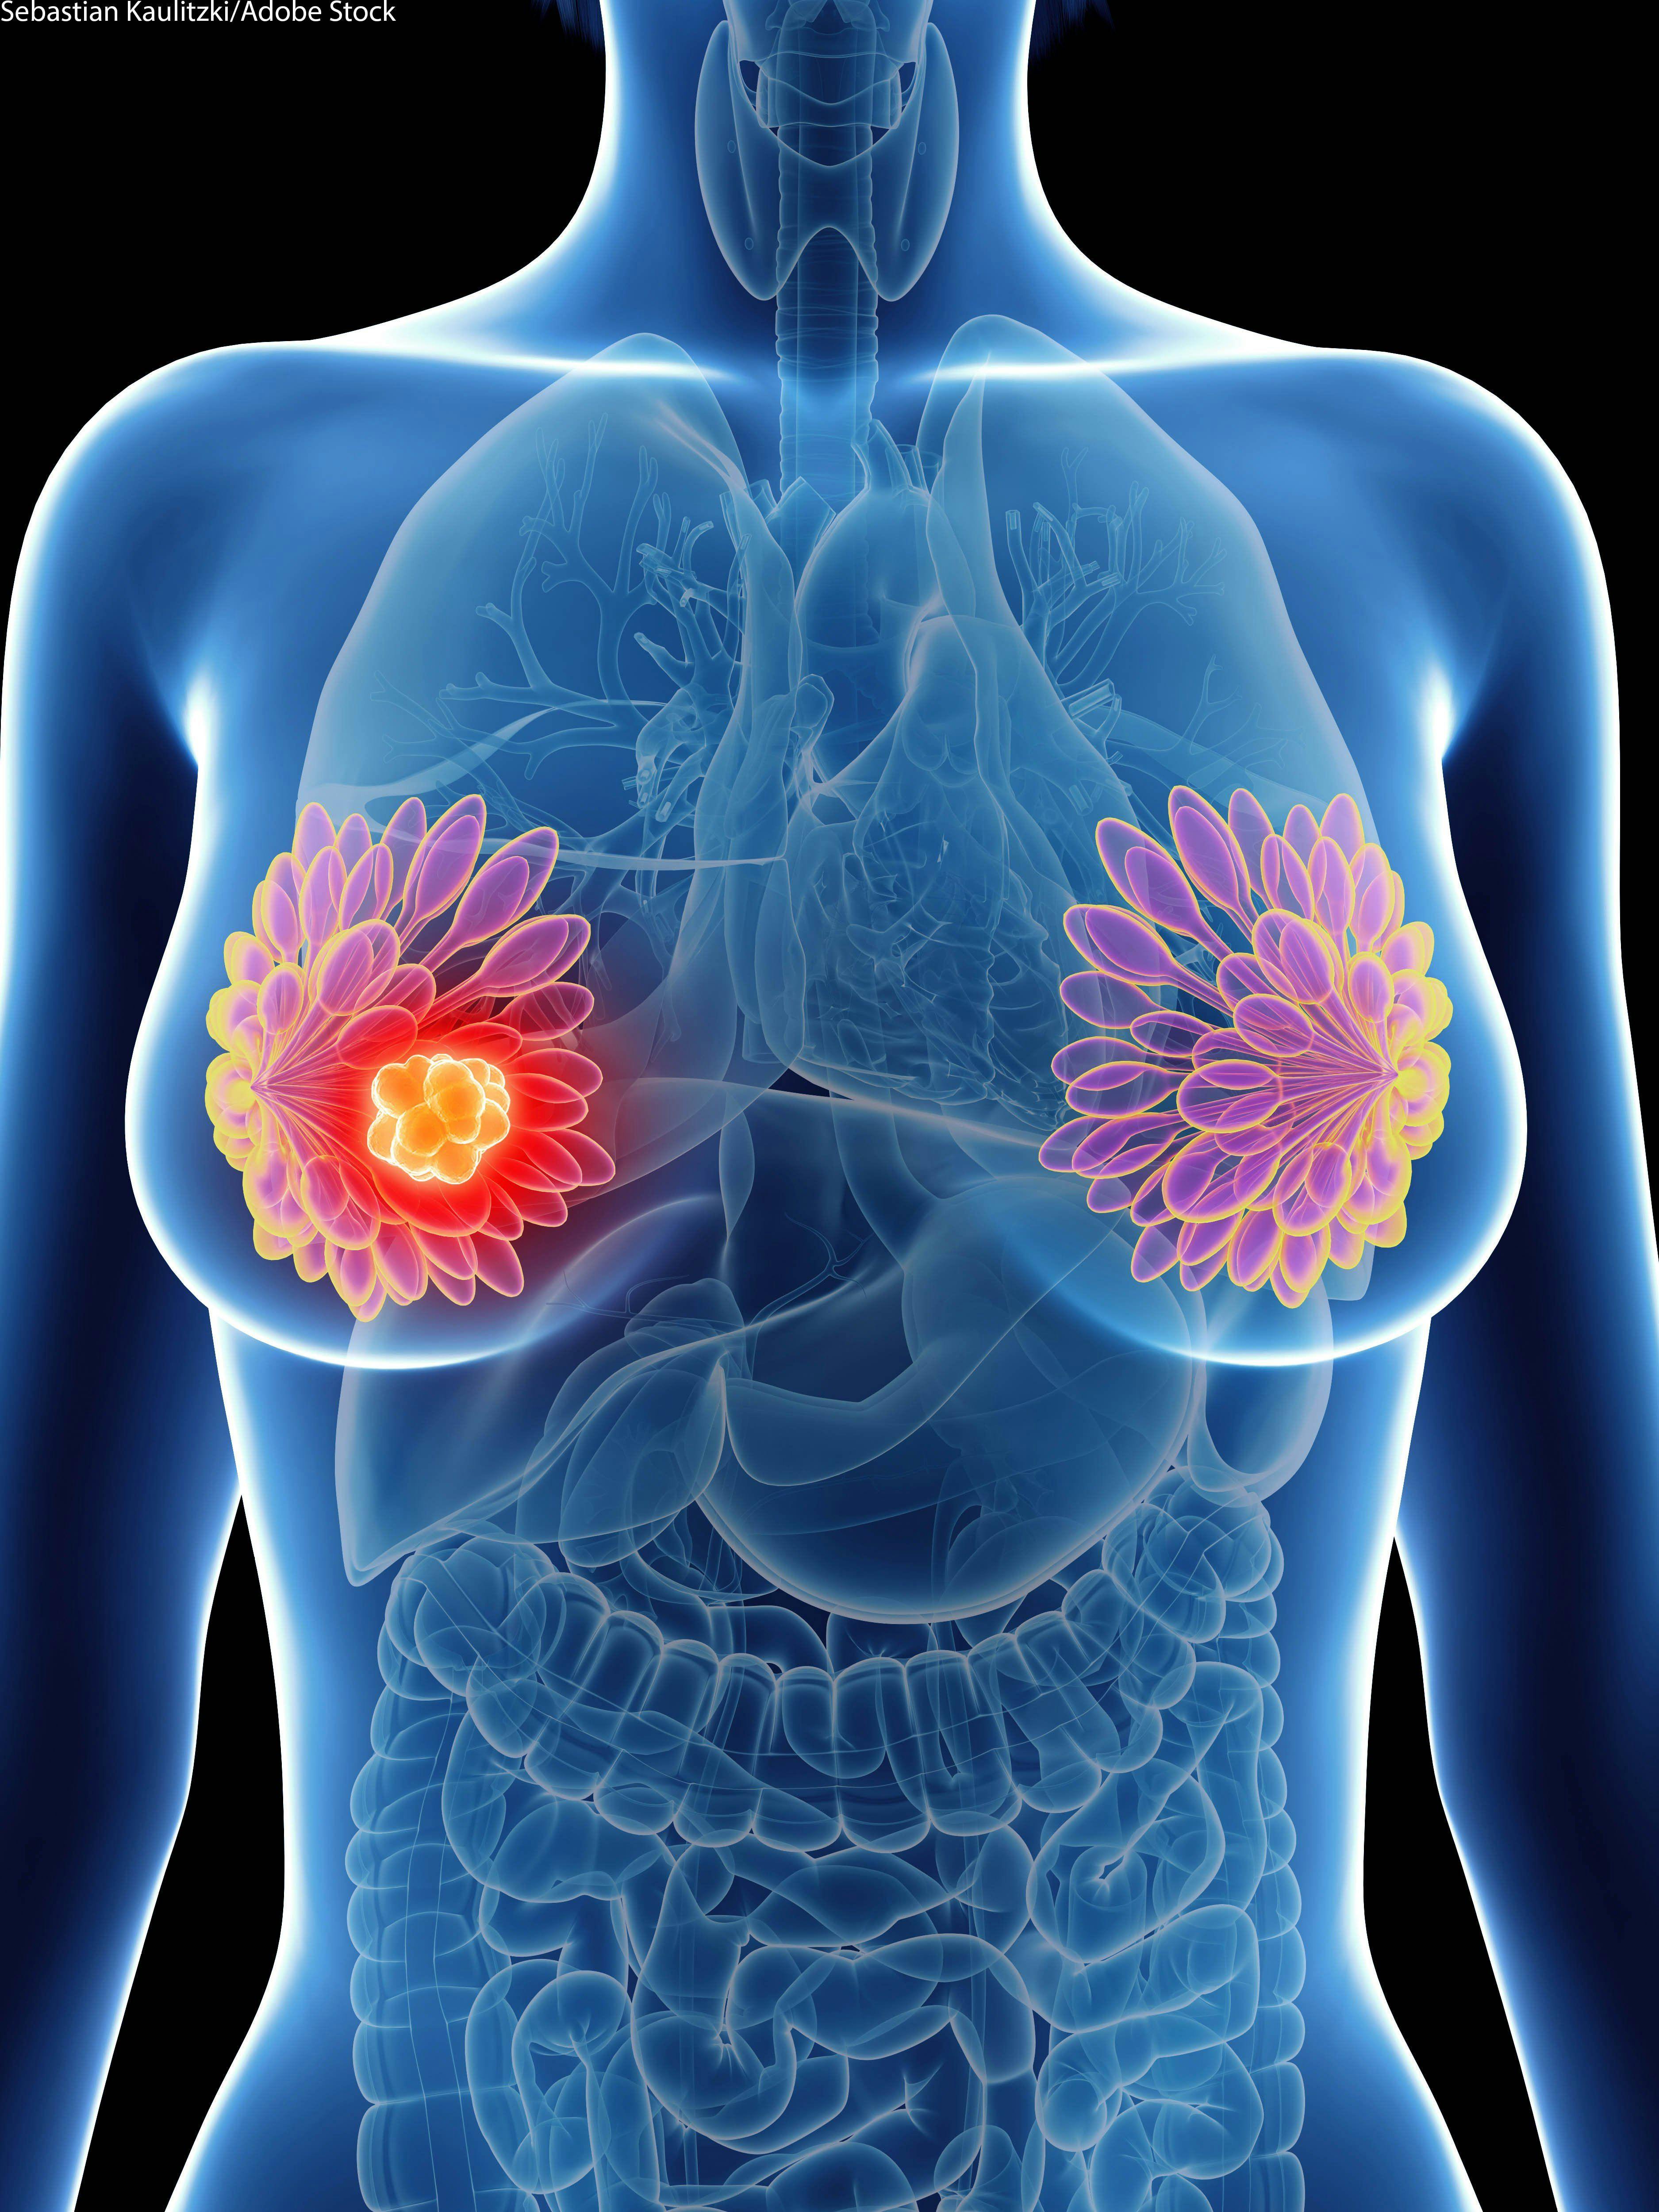 Addition of Abemaciclib to Fulvestrant Improves OS in HR+, HER2- Advanced Breast Cancer
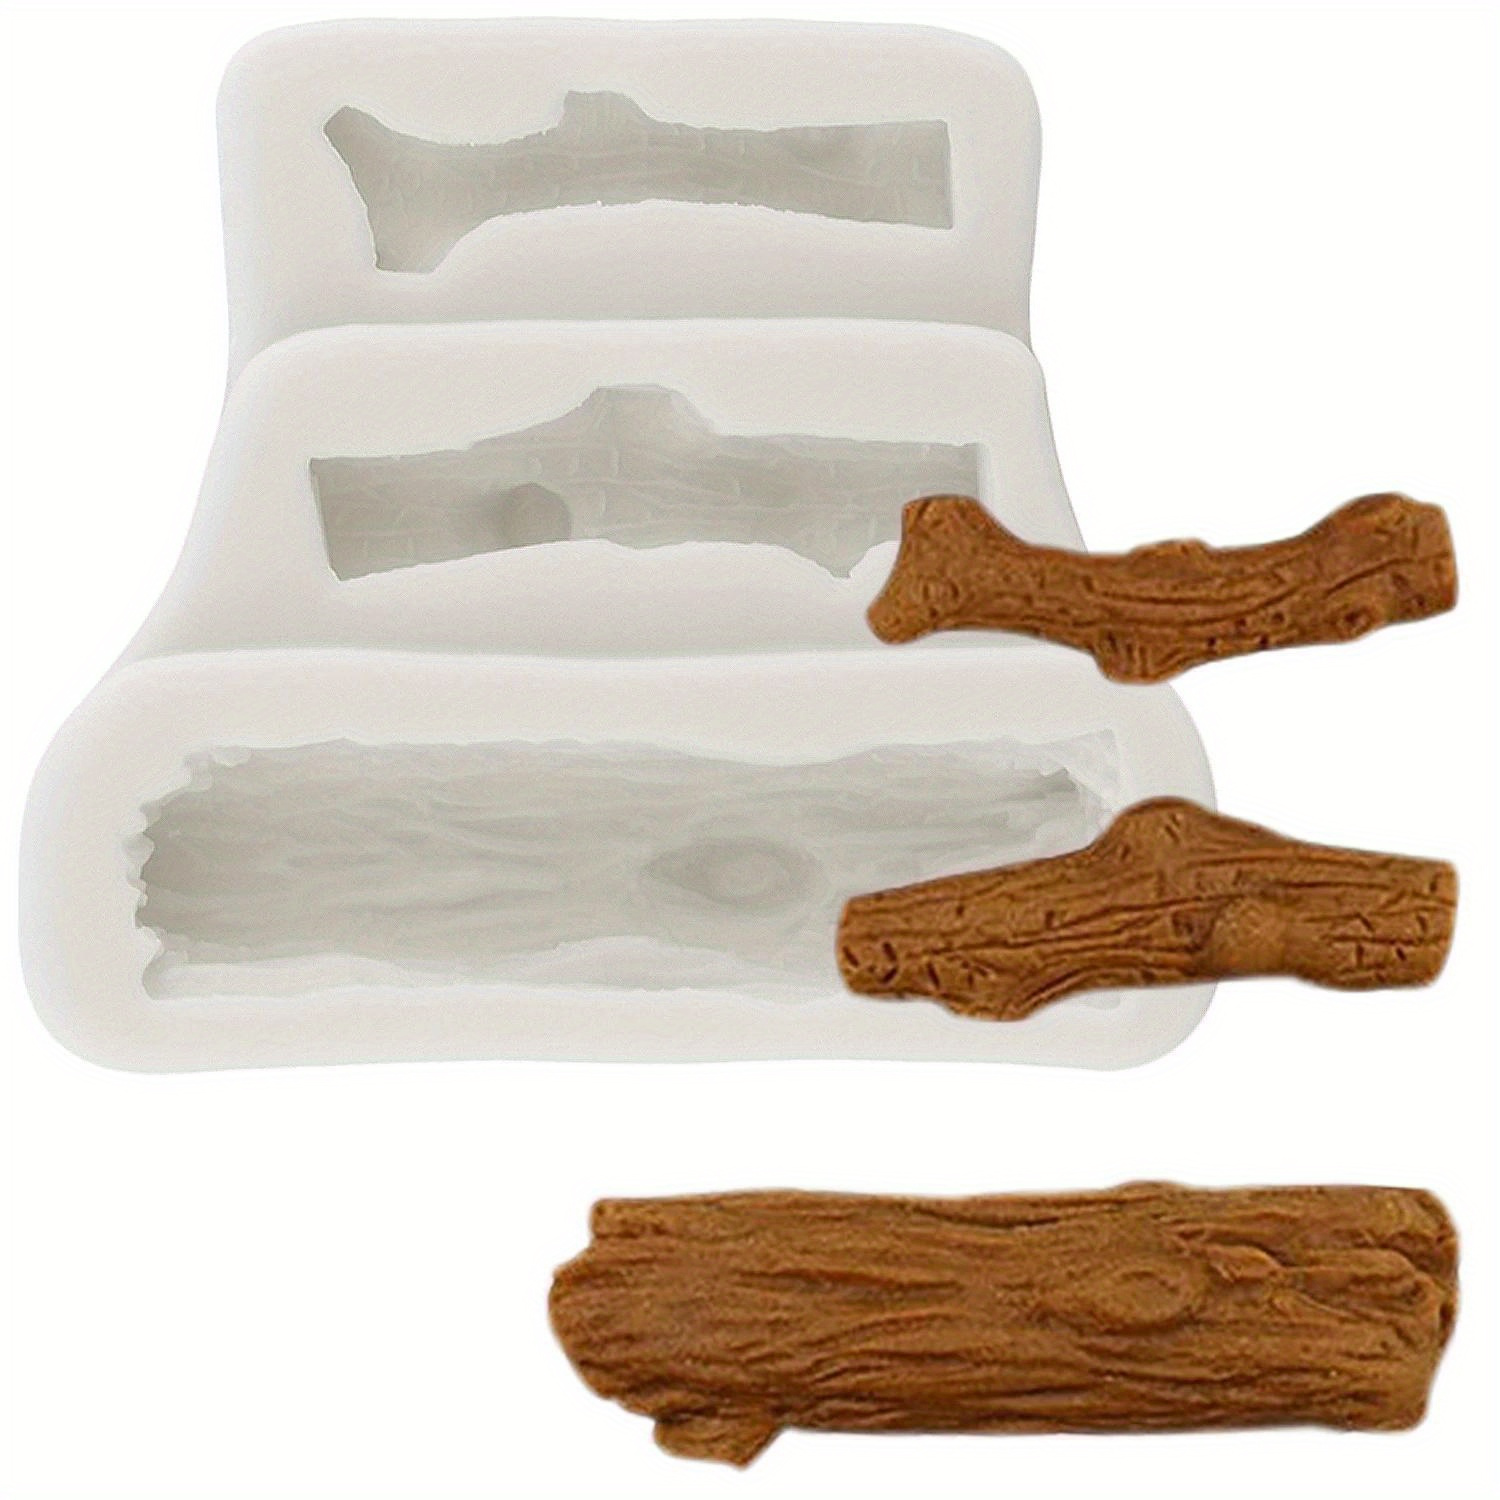 

Silicone Mold Set - Squirrel, Stump & Pine Cones Shapes For Chocolate, Candy, Fondant - Easy Clean, High-quality Baking Tools
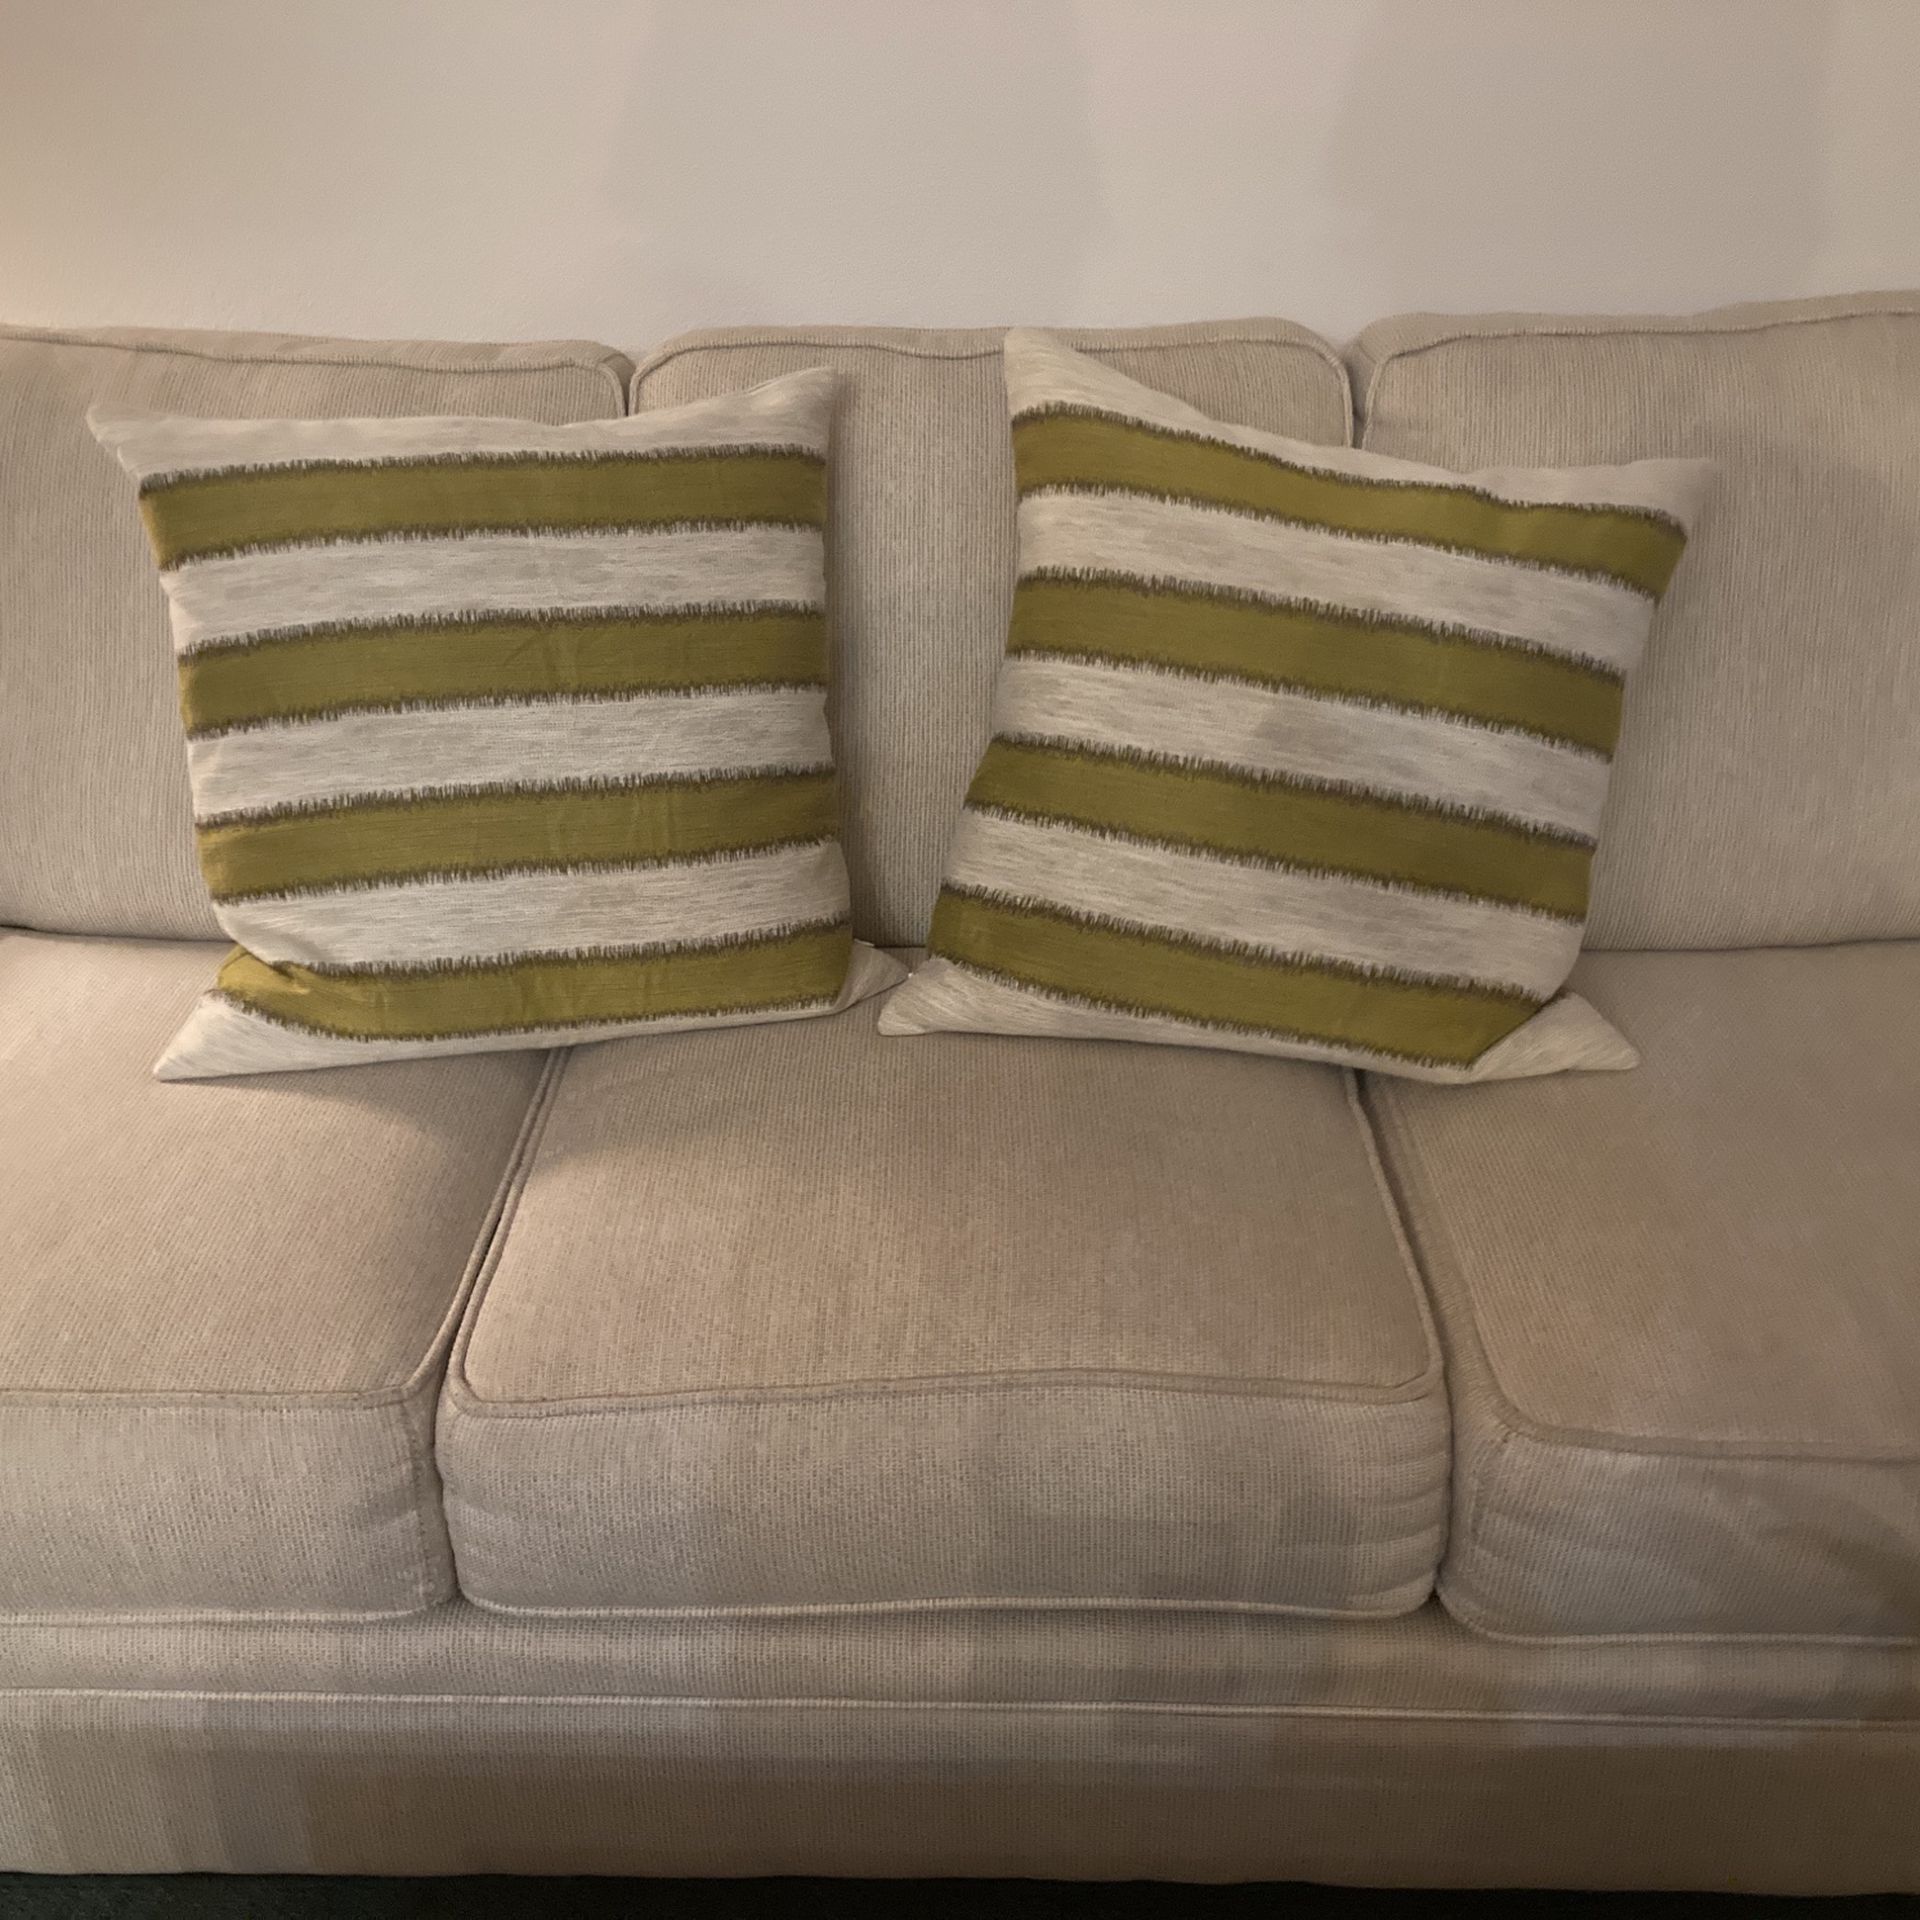 Set of two 18” decorative pillows.
--*--
## WORK INSTRUCTIONS
Could you transcribe the material above exactly, keeping every picture out?

## OUTPUT OF THE EXERCISE
 Addition of Abemaciclib to Fulvestrant Improves OS in HR+, HER2- Advanced Breast Cancer

Silicone Mold Set - Squirrel, Stump & Pine Cones Shapes For Chocolate, Candy, Fondant - Easy Clean, High-quality Baking Tools
 Set of two 18” decorative pillows.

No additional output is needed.